The effect of water deficit on the growth rate of cer10 Arabidopsis thaliana mutants

  • Alexandra Ensing
  • Emily Gerson
  • Kimmy Hofer
  • Olivia Tanuseputra


Arabidopsis thaliana (A. thaliana) is a vascular plant which can be found in a large range of habitats, partly due to its ability to regulate non-stomatal water loss using cuticular waxes. A mutation in the cer10 gene shows a reduction in the cuticular wax load. The effect of this mutation on the water deficit tolerance of A. thaliana was tested by measuring the growth rate in response to changes in soil water content of four groups; watered (control) wild-type, watered mutant, water deficit (experimental) wild-type, and water deficit mutant, (0.791 cm2/day (±0.0649), 0.255 cm2/day (±0.124), 0.607 cm2/day (±0.126), and 0.134 cm2/day (±0.085), respectively). Plants were incubated at 25°C with eight-hour light and dark cycles. Watered and not-watered plants showed no significant differences in growth rate (p=0.116).
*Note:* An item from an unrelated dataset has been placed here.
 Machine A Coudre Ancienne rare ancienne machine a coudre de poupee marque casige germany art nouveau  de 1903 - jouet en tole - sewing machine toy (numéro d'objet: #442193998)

Mutant plants in both experimental and control groups showed a significantly lower growth rate than the wild-type plants (p=4.79x10-5), suggesting the mutant is more prone to water stress than the wild type. We observed no statistically significant interaction between water deficit and the presence of the mutation in the cer10 gene on the growth rate of A. thaliana (p=0.734). The cer10 mutant has been shown to exhibit increased non-stomatal water loss, and thus it is likely that the mutant seedlings had a more drastic decreased growth response when subject to water deficit.